Una cosa che ho notato, e che in parte mi è stata confermata dalle parole della Barbanente stessa, è che gli abitanti del Ferrhotel sono persone molto più vicini a noi socialmente di quanto non sospettiamo. In effetti, dai discorsi tra i rifugiati, capiamo che le maggiori preoccupazioni sono quelle che affliggono gran parte dei giovani italiani: la mancanza di lavoro, l’assenza di prospettive, una forma di depressione e di scoramento morale. Il problema è che i giovani italiani possono contare sul supporto delle loro famiglie, i rifugiati, invece, sono costretti a doversi sobbarcare il problema di far giungere la propria famiglia dalla Somalia, remando contro la corrente di carta della burocrazia internazionale, europea e italiana.

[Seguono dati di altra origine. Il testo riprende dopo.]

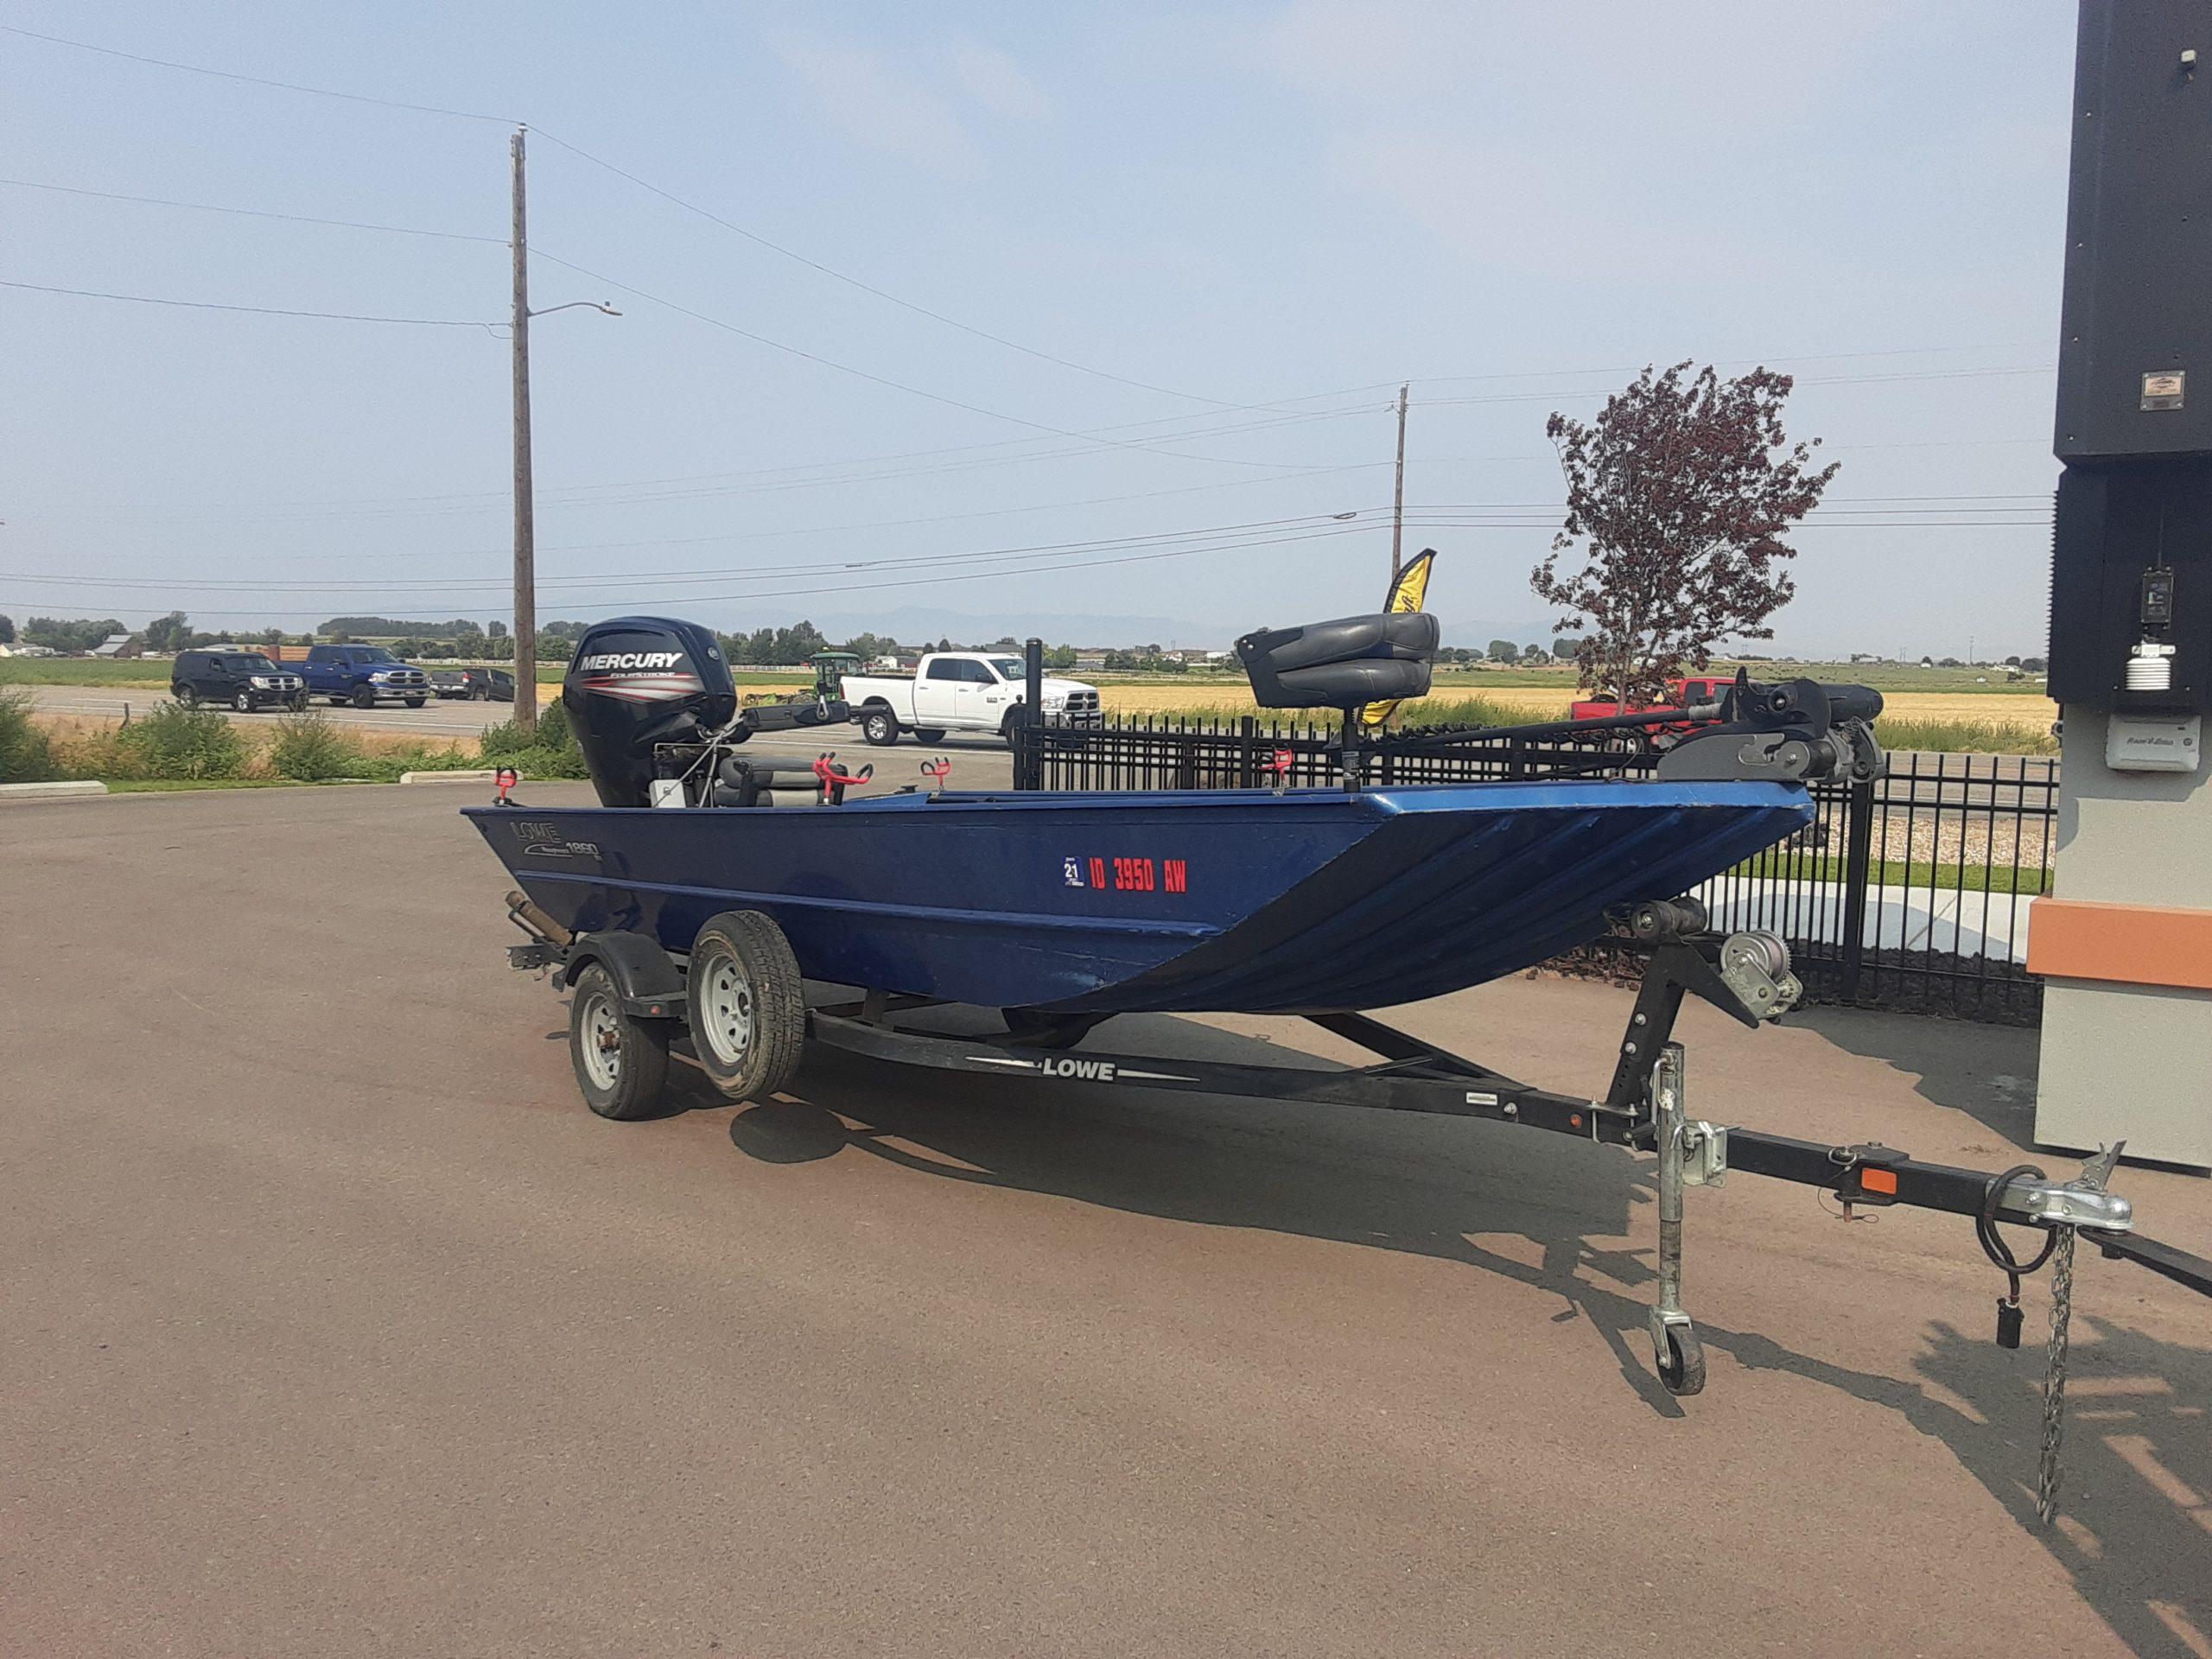 2017 Lowe Roughneck 1860 tiller boat

La questione non è semplicemente ridotta al “Sì, tu italiano hai un problema, ma guarda il povero somalo”; la questione è ben più seria. I profughi hanno abitudini, atteggiamenti e preoccupazioni simili alle nostre perché in Somalia, nonostante la guerra, con ogni probabilità facevano una vita economicamente agiata. Dico questo perché si sente dire da una ragazza del Ferrhotel che se fosse per lei tornerebbe in Somalia, e che la sua famiglia potrebbe anche pagarle il viaggio, ma la madre la vuole lontana, per risparmiarle ulteriori sofferenze. Questo, con tutte le dovute precauzioni, non sembra però troppo dissimile dai nostri cervelli in fuga, certo non fuggiti a causa di una guerra, ma che in qualche modo vivono lo stesso senso di disagio di chi è costretto a stare lontano da casa per necessità.

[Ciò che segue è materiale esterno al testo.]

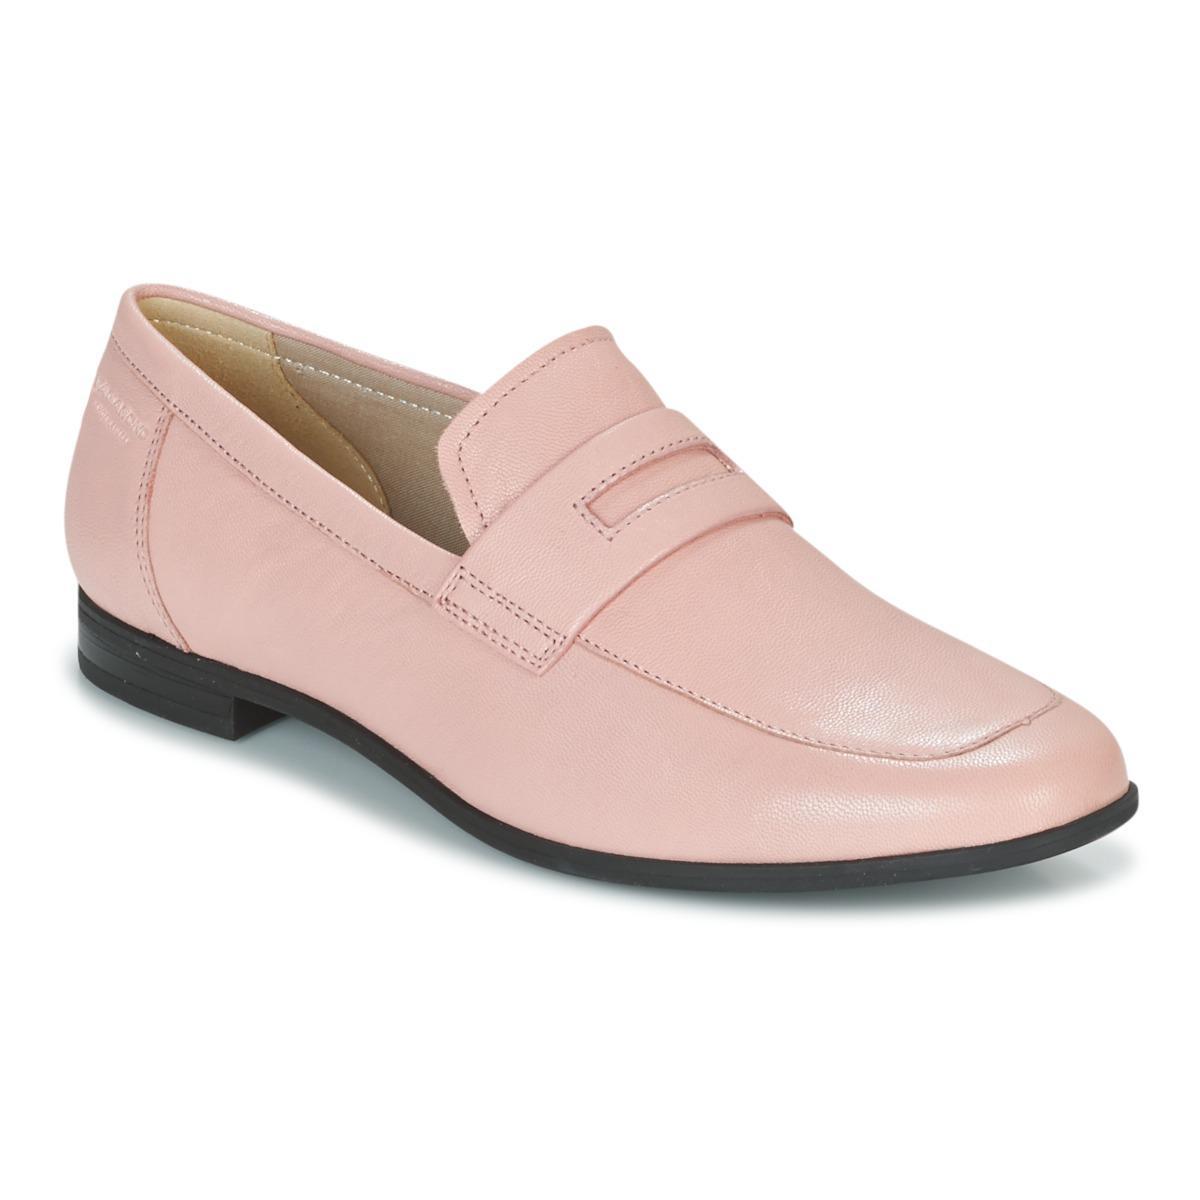 Vagabond Women's Marilyn Suede Slip On Flat Loafer Pink vUPwB

Il paragone potrebbe risultare eccessivo, ma bisogna tenere in conto che tutti gli abitanti dell’hotel sono muniti di permesso di soggiorno, si sono sistemati, hanno attraversato vittoriosamente quella “zona grigia” che separa la clandestinità dalla legalità: insomma, sono storie di persone alle prese con una nuova quotidianità, spesso deludente e frustrante, e che provano nostalgia per una quotidianità da cui sono fuggiti. Un ragazzo, molto triste, decide di fare visita a sua madre in Somalia, e quando ritorna al Ferrhotel dice di aver parlato con lei per due notti di fila: confessa ad un’altra ragazza che lui, anche se ha 30 anni, ha bisogno dei consigli di sua madre.

Insomma, credo di essere maggiormente colpito da questo tipo di storie, perché in qualche modo riflettono esigenze e preoccupazioni che sono anche mie, e il merito della Barbanente è quello di averle raccolte e presentate in tutta la loro autenticità.